Quitando tales bastoncillos, que además de largos, flexibles y resistentes, han de ser estériles, como también deben serlo los usados para extraer cultivos de laboratorio, los hisopos domésticos de plástico sí se pueden sustituir por bastoncillos ecológicos. Así que vamos a ver sus ventajas y, sobre todo, ¡por qué deberíamos comprar estos y olvidarnos de los de plástico!

Dos son los tipos de hisopo ecológico: uno, con cuerpo de papel enrollado y prensado; el otro, con palo de madera de bambú. En ambos su absorbente bolita debe ser de fibra de algodón orgánico, pues en el cultivo tradicional del algodón se utilizan pesticidas nocivos y otros químicos de síntesis peligrosos para la salud. Sin ir más lejos, en Brasil murieron 500 millones de abejas en solo 3 meses por esta causa.

Ahora bien, ¿de verdad hay que comprar hisopos para la higiene del oído?
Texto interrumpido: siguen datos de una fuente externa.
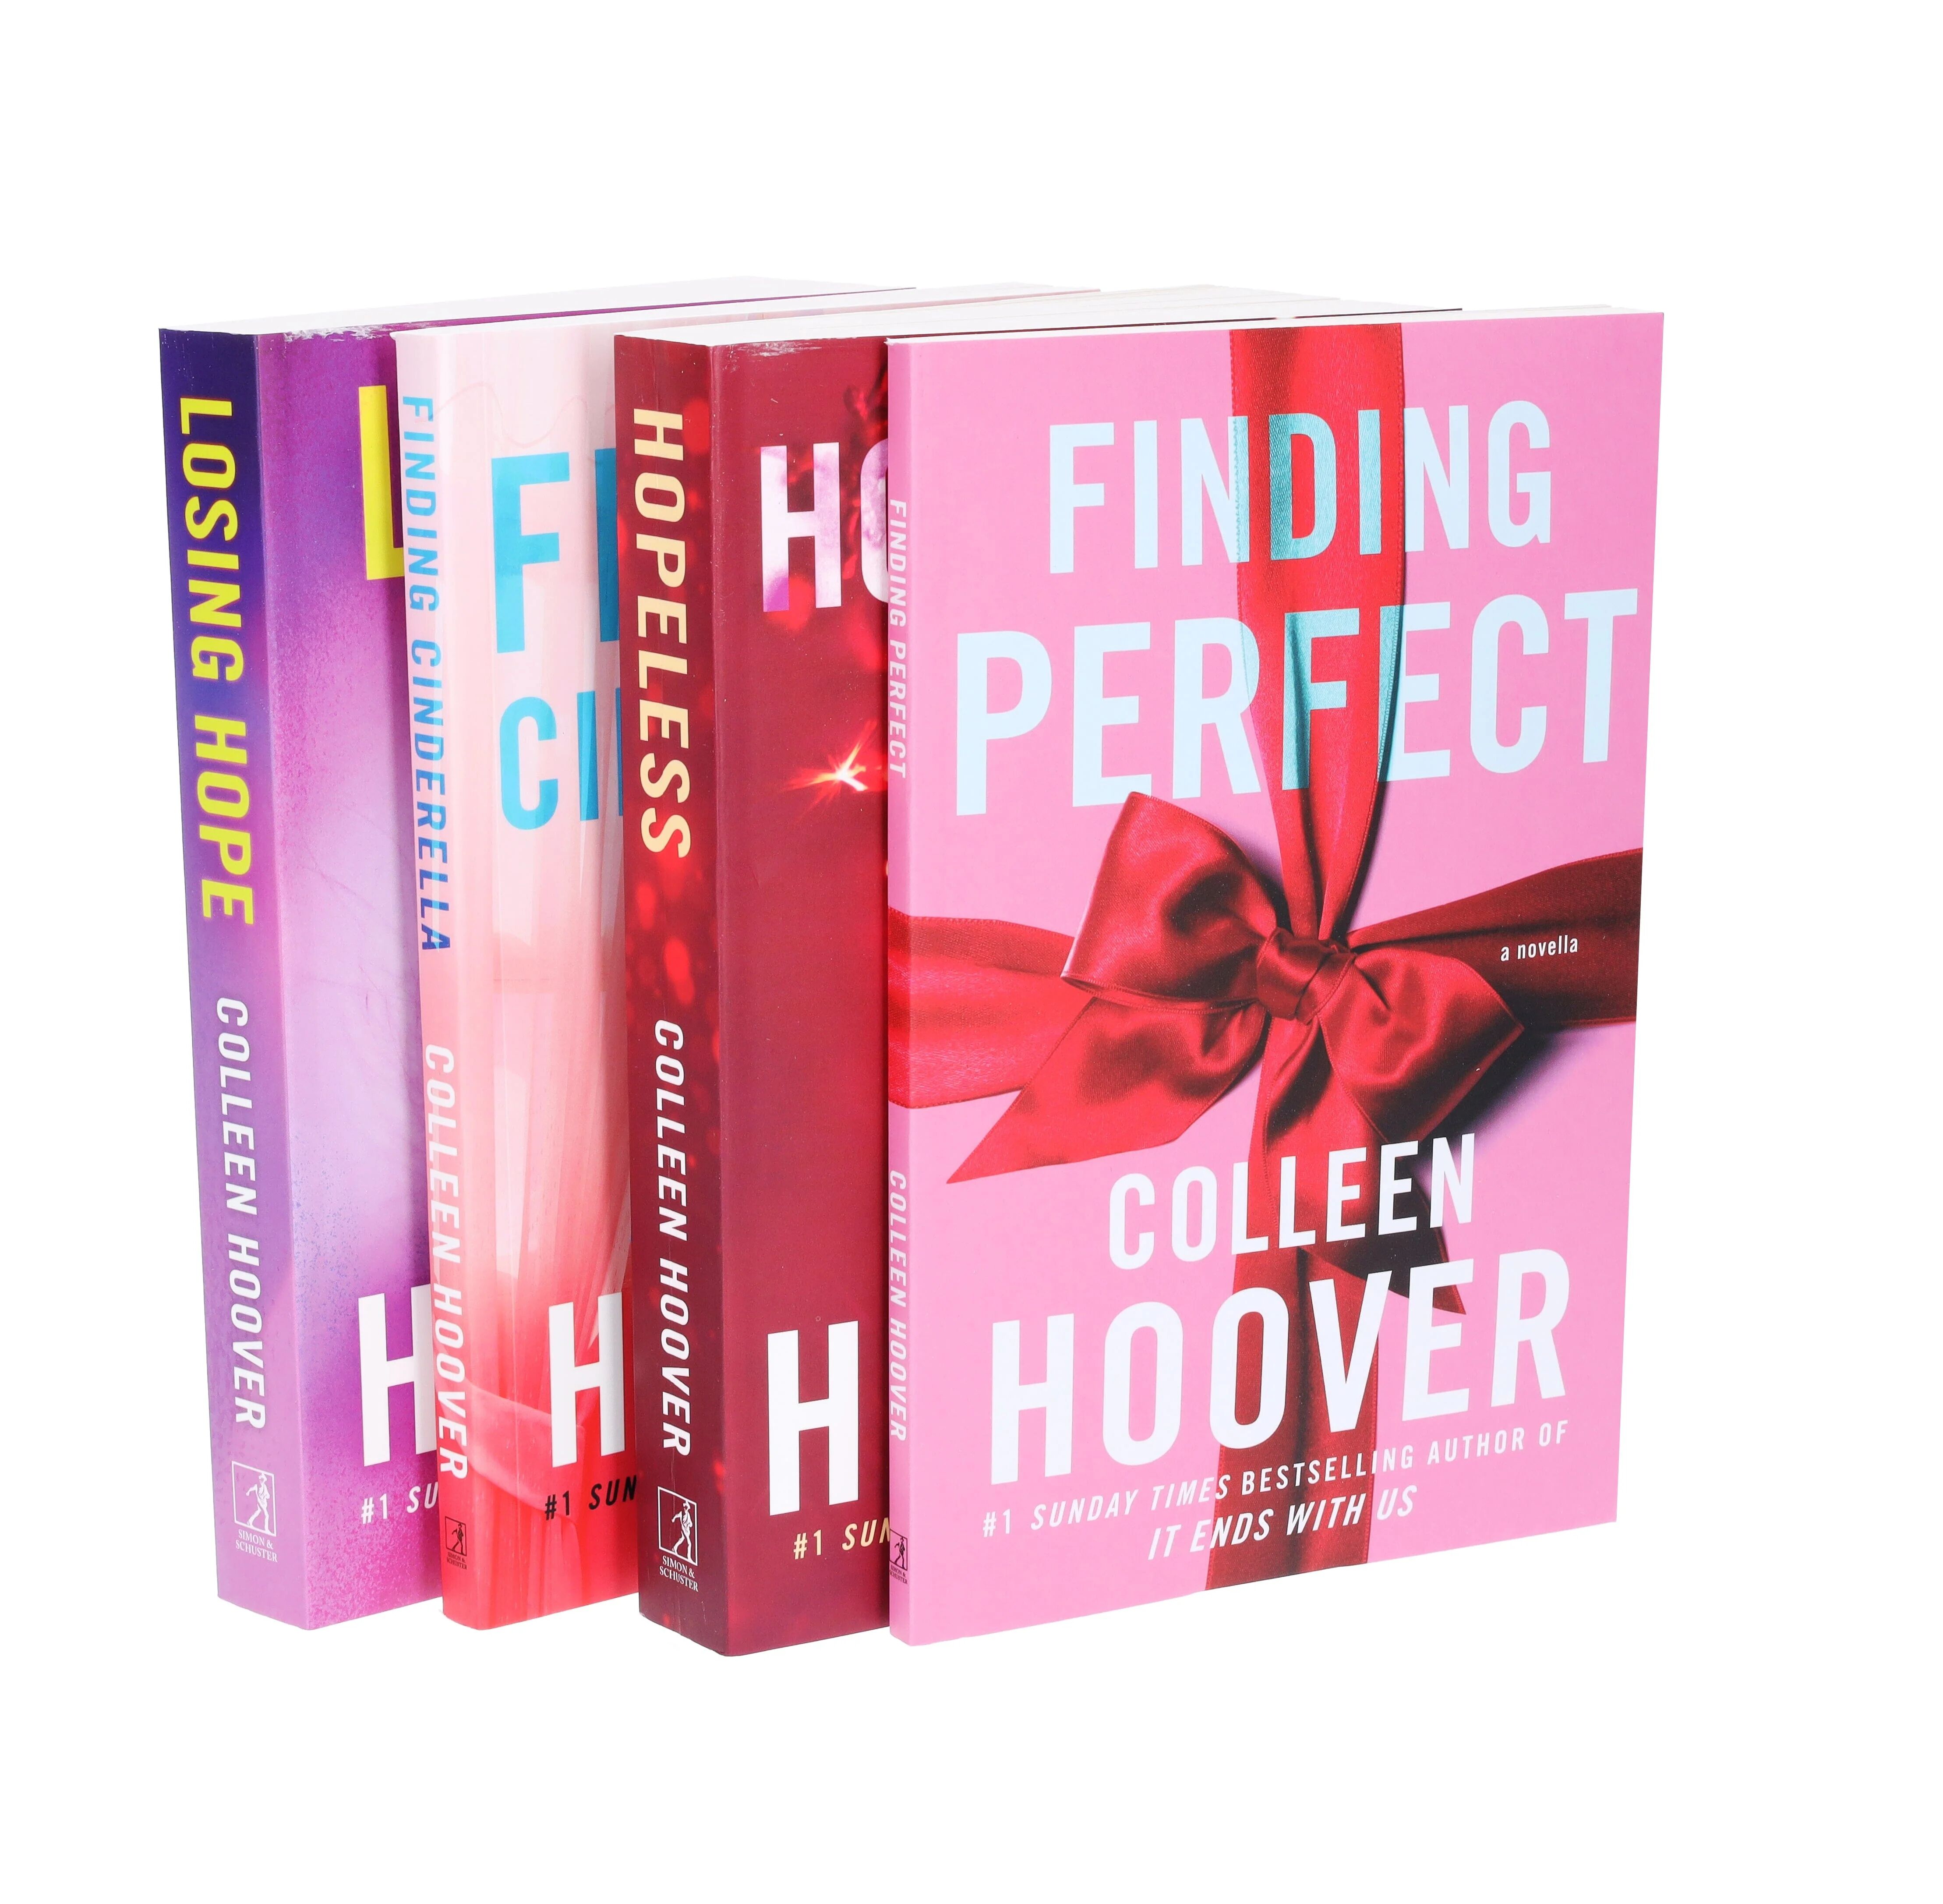 Hopeless Series By Colleen Hoover 4 Books Collection Set - Fiction - Paperback Simon & Schuster

Pues ¿no se dice que son malos?

bastoncillos ecológicos
Bastoncillos ecológicos biodegradables con palo de bambú y algodón orgánico

Pero ¿deberíamos comprar bastoncillos para limpiar nuestros oídos?

Solo en EE.UU., 35 personas visitan cada día las salas de emergencias de los hospitales por lesiones en los oídos producidas por hisopos. Según Journal of Pediatrics, el 73 % de las heridas son consecuencia de limpiar los oídos (sufrir una caída mientras el hisopo está insertado en el oído es otra causa frecuente de lesión).
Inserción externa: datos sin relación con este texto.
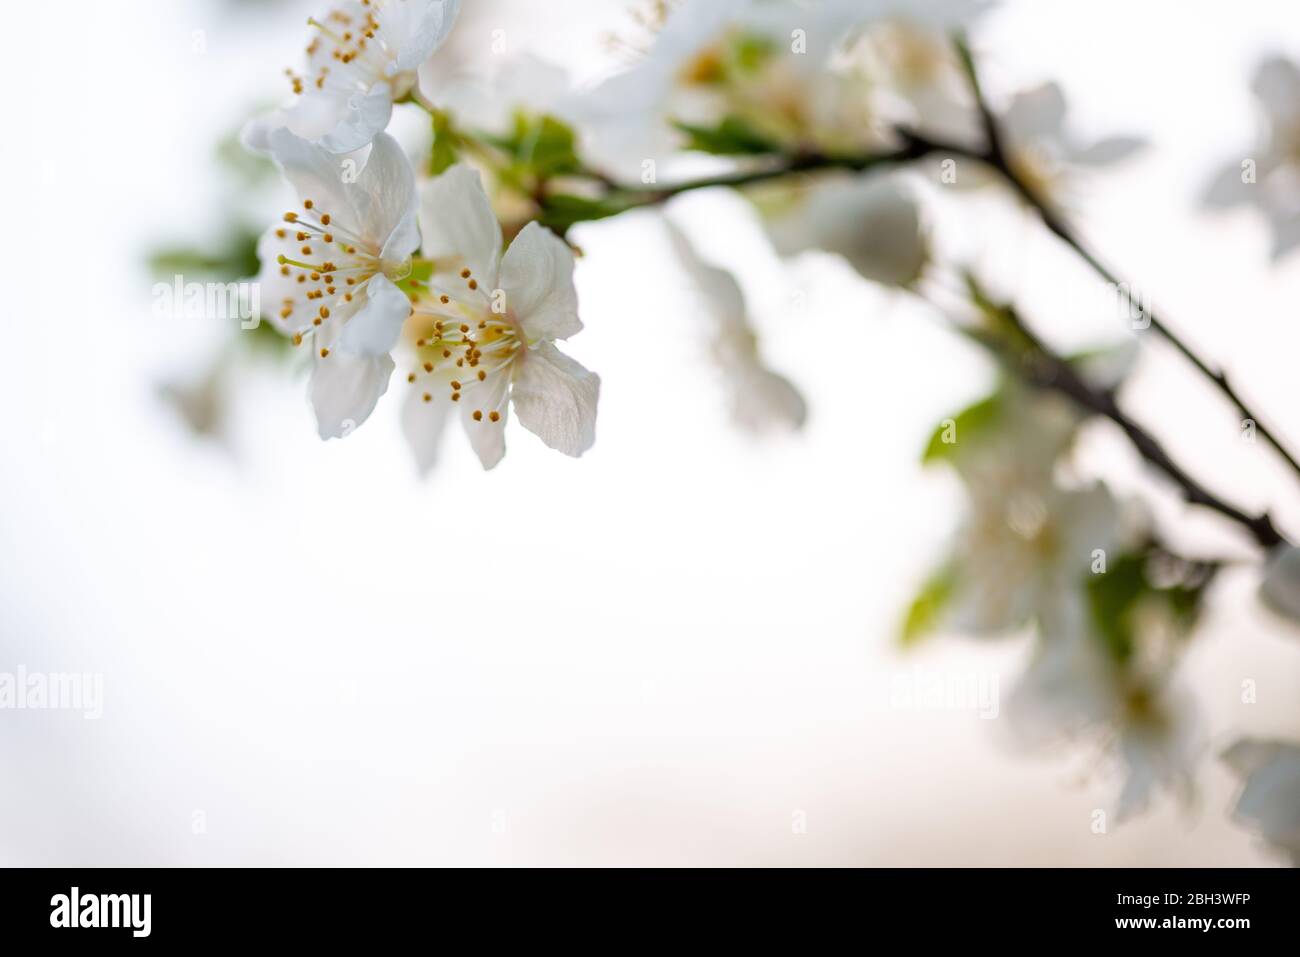 Tree blossom in full bloom. Cherry flowers in small clusters on a fruit tree branch, fading in to white. Shallow depth of field. Focus on center flowe Stock Photo

Por otro lado, ¿realmente hay que quitar la cera del oído? En absoluto. La cera está precisamente para proteger el oído interno y evitar que a él lleguen cuerpos y agentes externos. En realidad, el oído se limpia de manera automática, por lo que no hay necesidad de hacerlo en casa (¡y menos aún con hisopos!).

Riesgos de limpiarse el oído con bastoncillo

Dos son los peligros de usar hisopos para la higiene del oído: primero, una lesión permanente en el tímpano o en los huesos del oído interno (que a su vez puede acarrear problemas de equilibrio, mareos, etc.); segundo, empujar el cerumen al fondo y con ello producir un tapón de cera.

Resumiendo: paradójicamente, los bastoncillos de oídos no se deben usar para limpiar los oídos. De hecho, así se indica en algunas cajas de hisopos, que advierten de que «no se debe introducir el bastoncillo en el canal auditivo». Veánse la publicidad, envase y descripción del producto para corroborar este punto: se comprobará que no se hace mención alguna a la limpieza de oídos.

Pero, entonces, ¿por qué se siguen fabricando los hisopos?

Usos de los bastoncillos de algodón

Fuera del ámbito de la higiene personal, los bastoncillos de algodón tienen muchas otras utilidades:

  • Los constructores de maquetas a escala los usan para aplicar calcomanías en los modelos
  • Sirven en laboratorios para medir la tensión superficial de un cuerpo (en el ensayo del nivel dyne)
  • Permiten limpiar los diodos láser de dispositivos ópticos (con la ayuda de alcohol isopropílico)
  • También son útiles para limpiar zonas de difícil acceso en dispositivos electrónicos (p.ej.:teclados de ordenador)

Además de los anteriores, los bastoncillos de oídos de bambú, también se pueden usar en higiene y cosmética, y esta vez sin correr riesgos, por ejemplo: para la limpiar las uñas.

Conclusiones sobre los bastoncillos ecológicos

El infierno está lleno de buenas intenciones. Y ciertamente buena fue la de Leo Gerstenzang: prevenir una lesión de oído.

Sin embargo, lejos de servir para ello, el invento de Leo nos trajo dos cosas nefastas: una, la opuesta a la pretendida, es decir, causar una herida o tapón de cera en el oído; la otra, los daños colaterales, contaminar el planeta con un plástico que, en el mejor de los casos (polipropileno), tardará 30 años en degradarse.

En conclusión, si hemos de comprar bastoncillos de algodón —y jamás para limpiar el oído—, ¡que al menos sean ecológicos!